About this task
Please output only the lines running from the one that contains "An attractive woman" through the last line of the data below, exactly as they stand, with no pictures.

Dataset excerpt
BEGIN

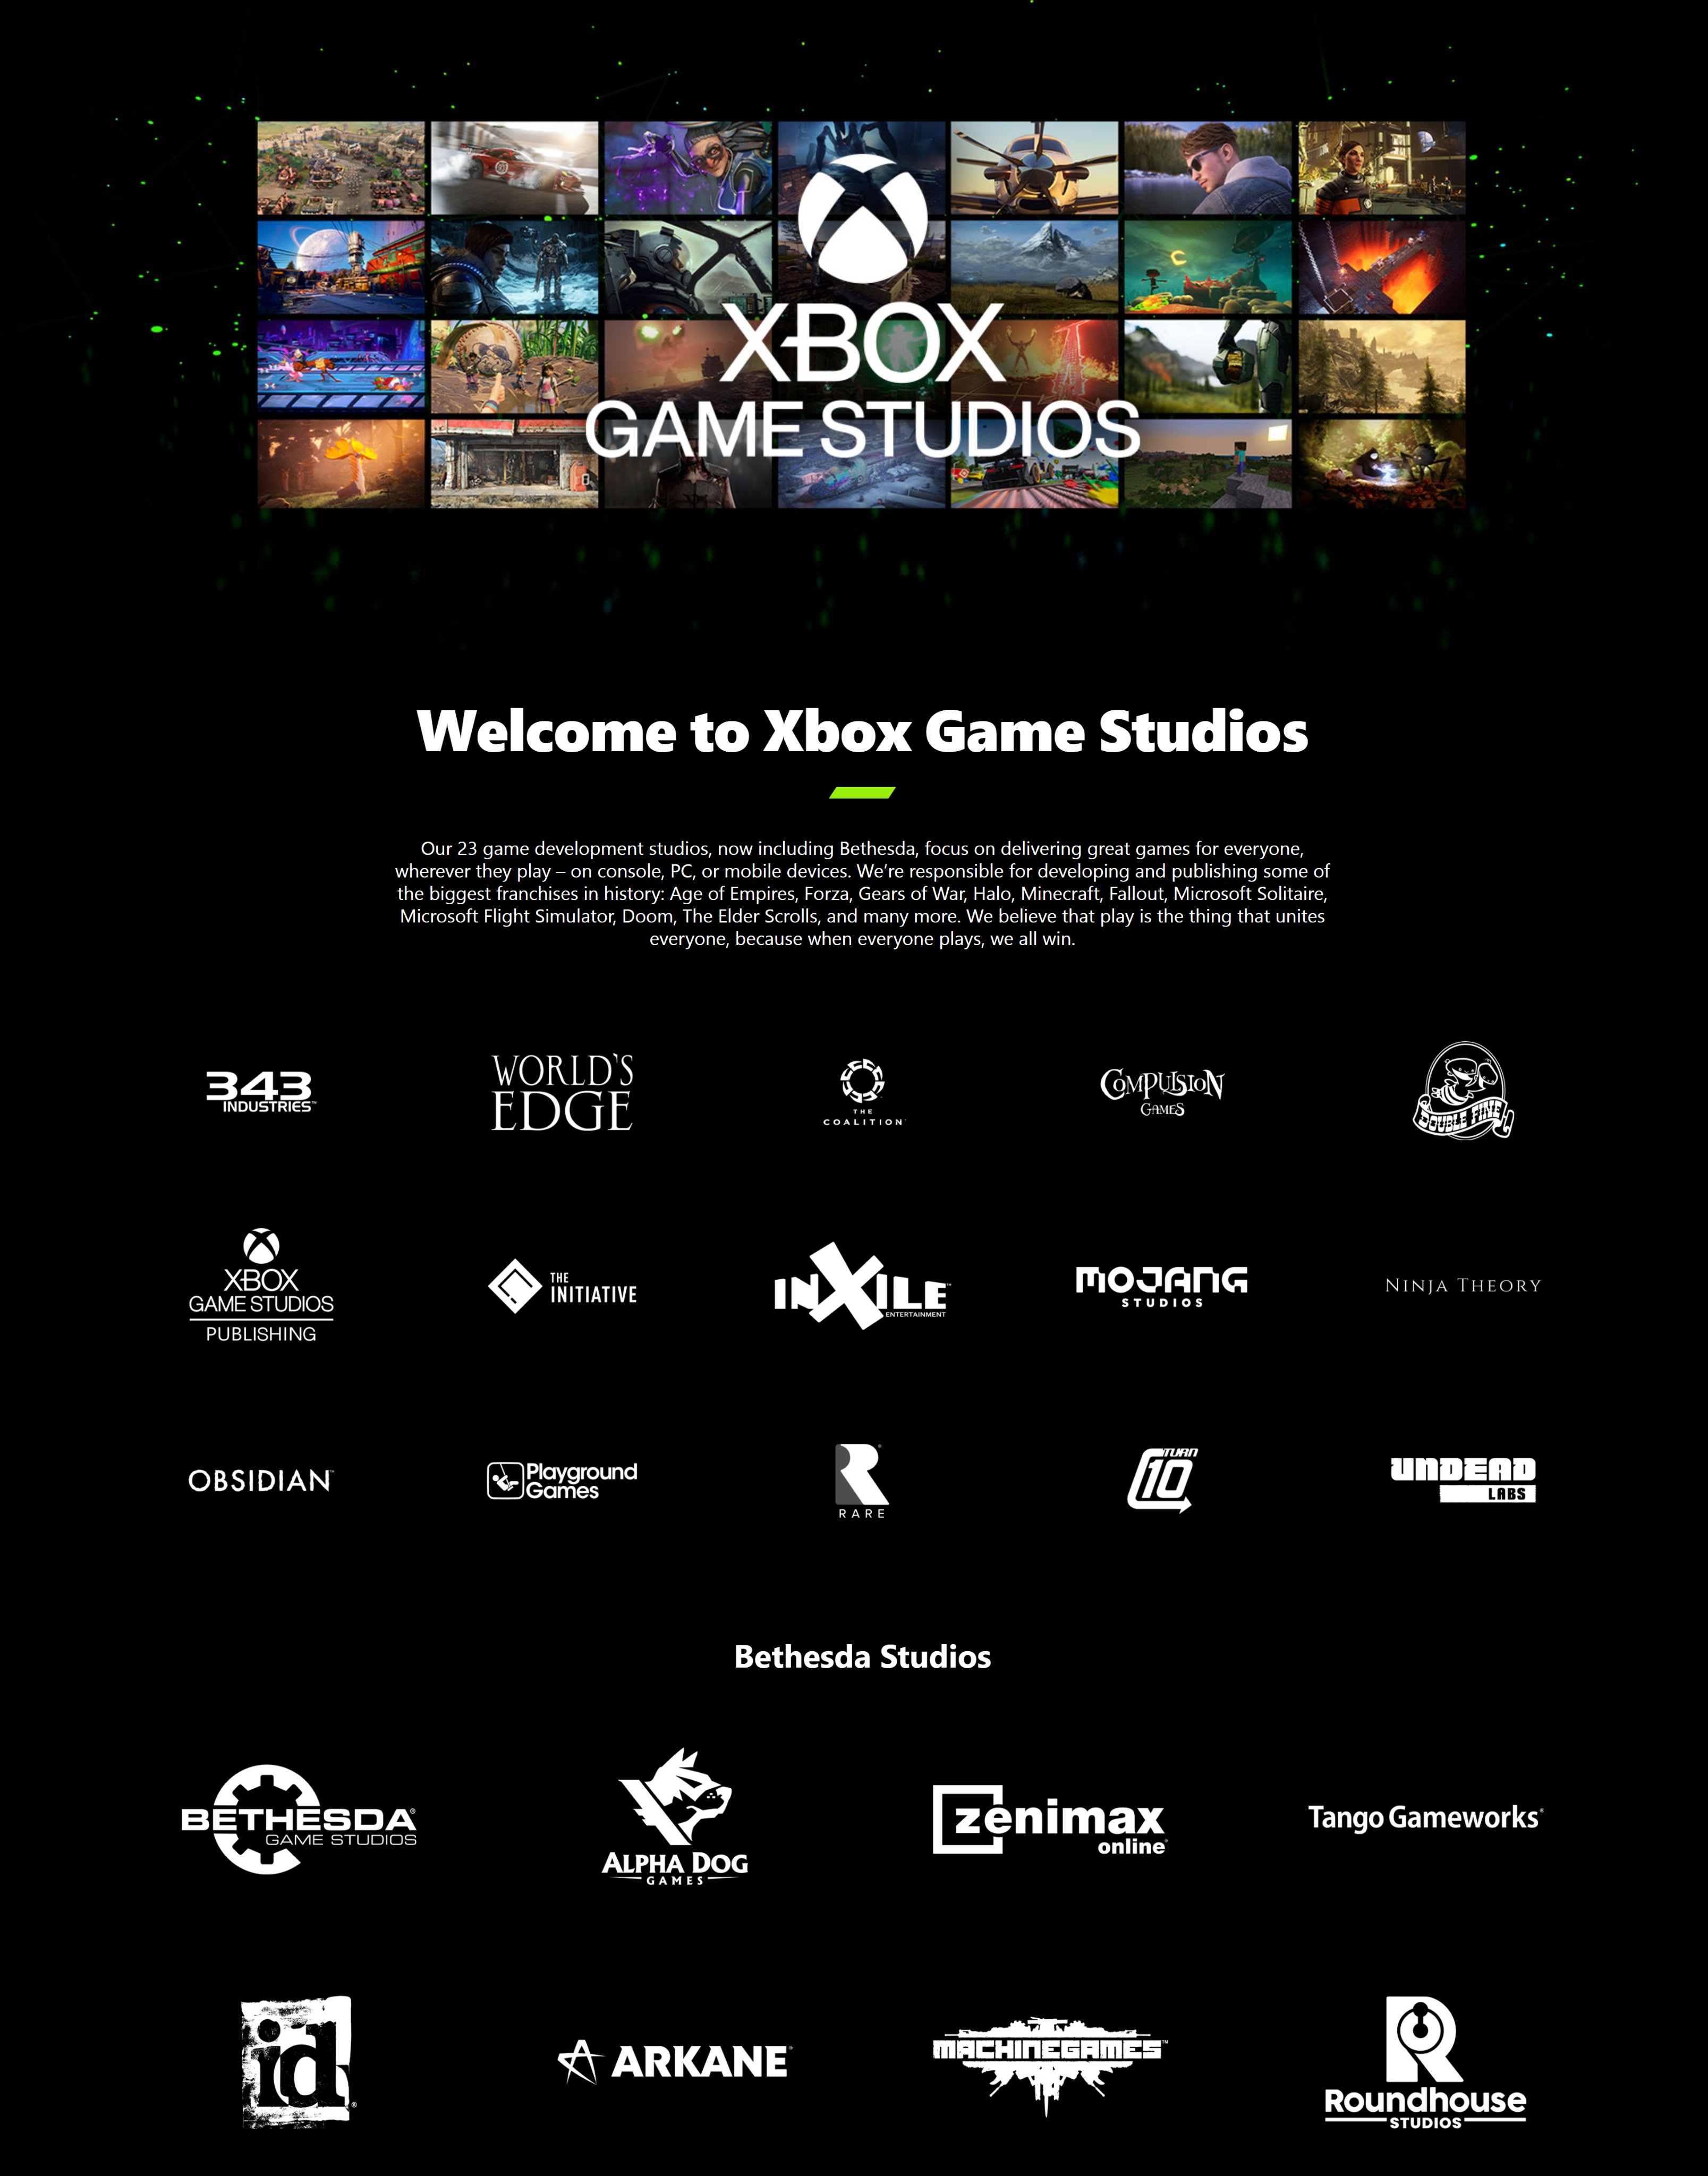 Klobrille on Twitter: "Xbox updated the official Xbox Game Studios/Xbox  first-party studios page to now include all of Bethesdas studios.  https://t.co/i7kJadO2iQ https://t.co/yUAvFpyIvL" / Twitter
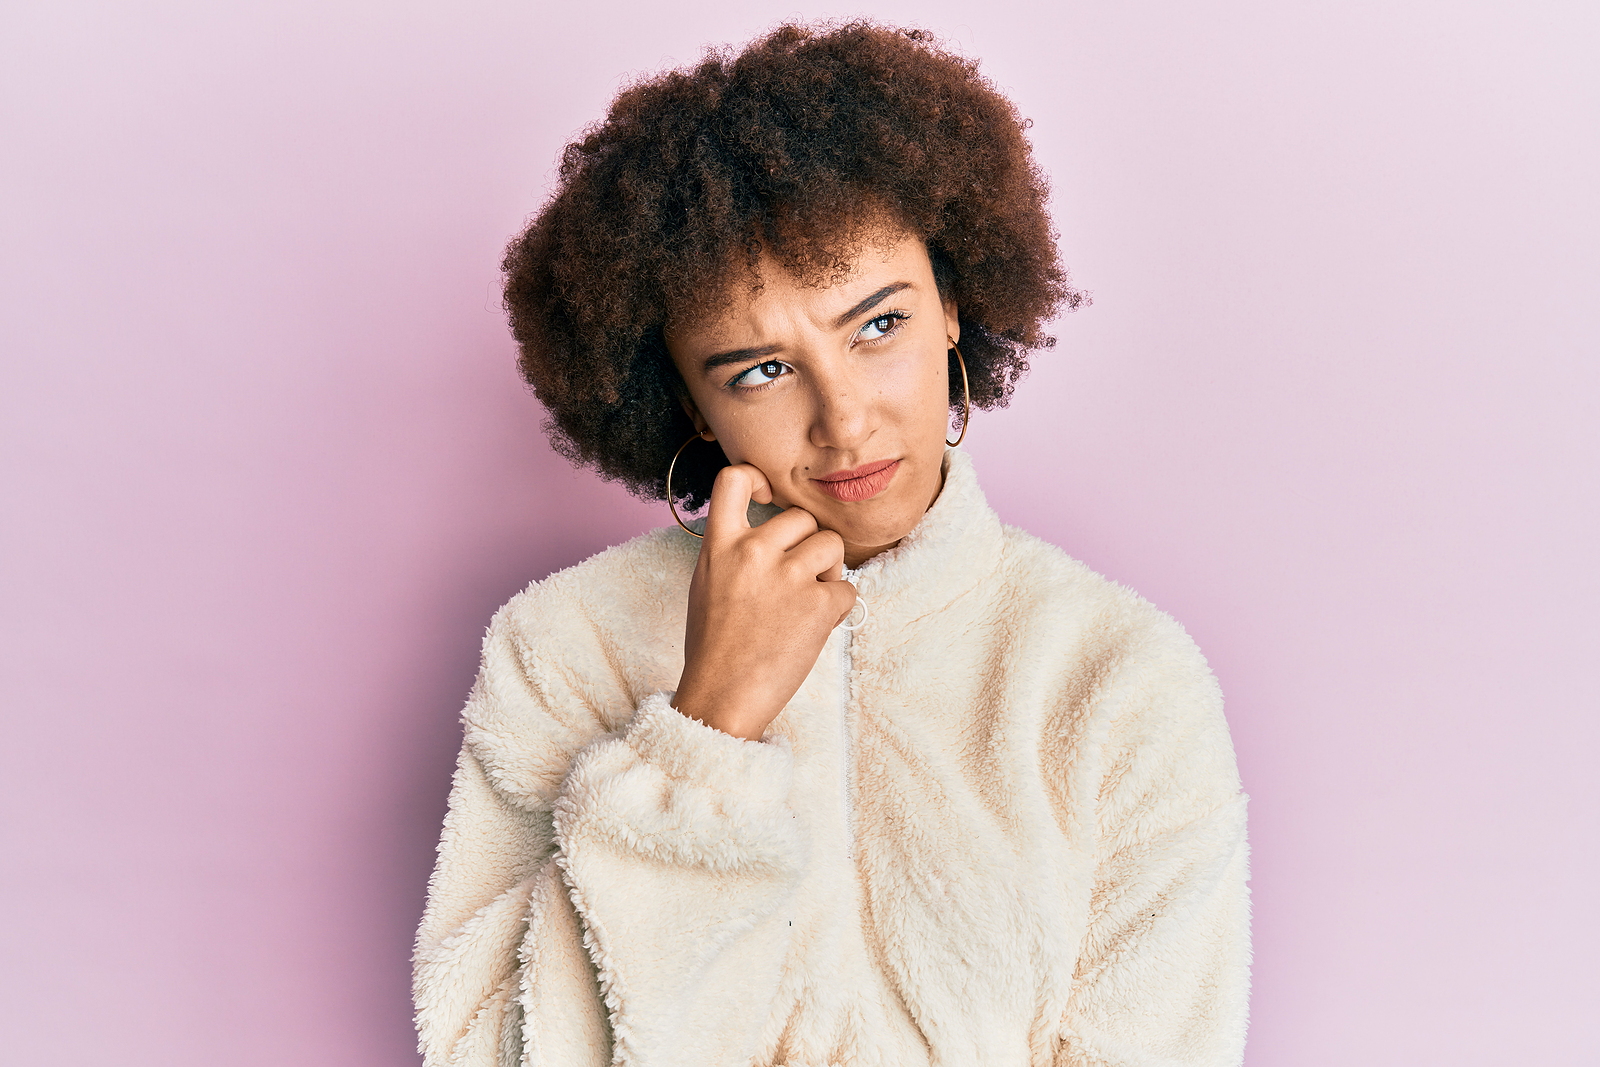 An attractive woman with large curls and puffy sweater looks pensive to the side. In front of a plain background.
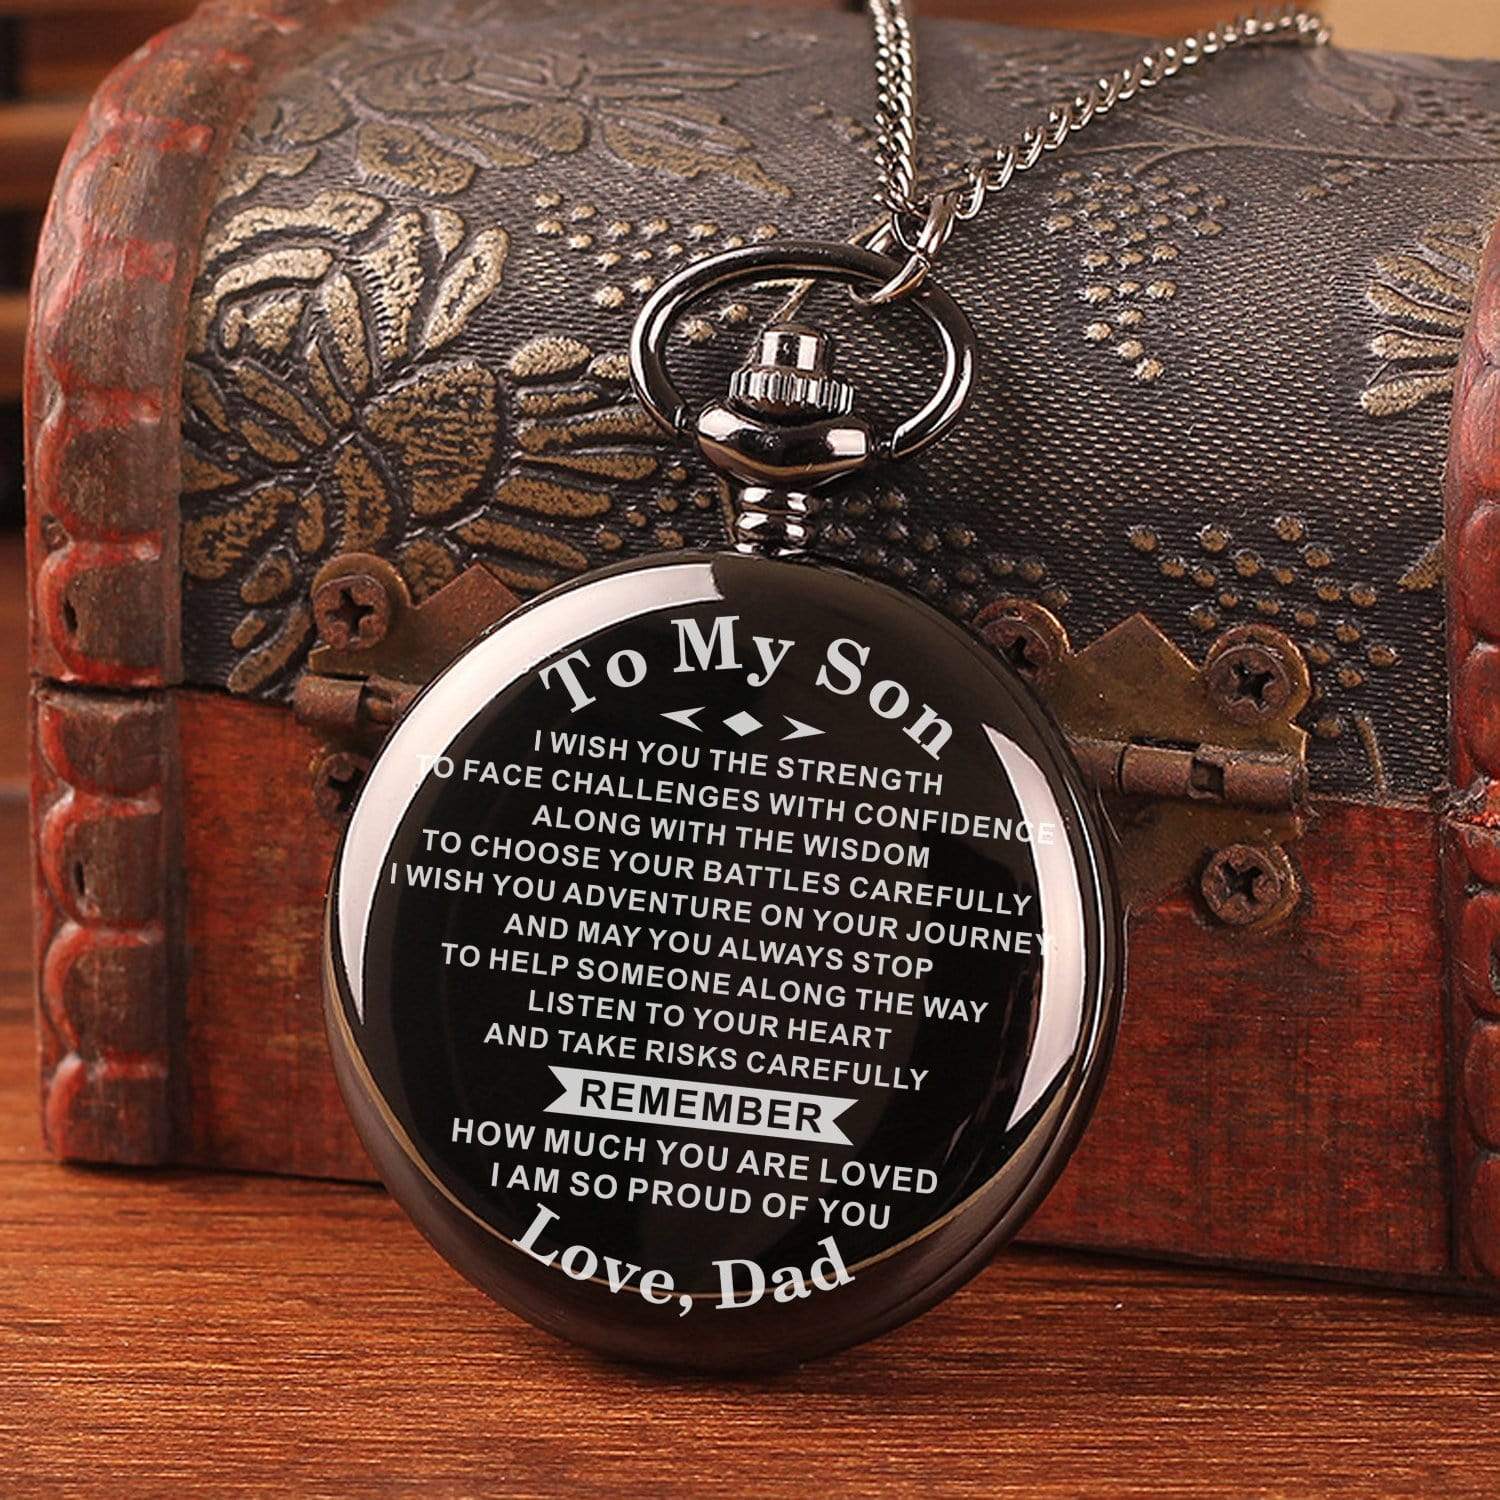 Pocket Watches Dad To Son - Remember How Much You Are Loved Pocket Watch GiveMe-Gifts

END

Solution below
 An attractive woman with large curls and puffy sweater looks pensive to the side. In front of a plain background.
 Pocket Watches Dad To Son - Remember How Much You Are Loved Pocket Watch GiveMe-Gifts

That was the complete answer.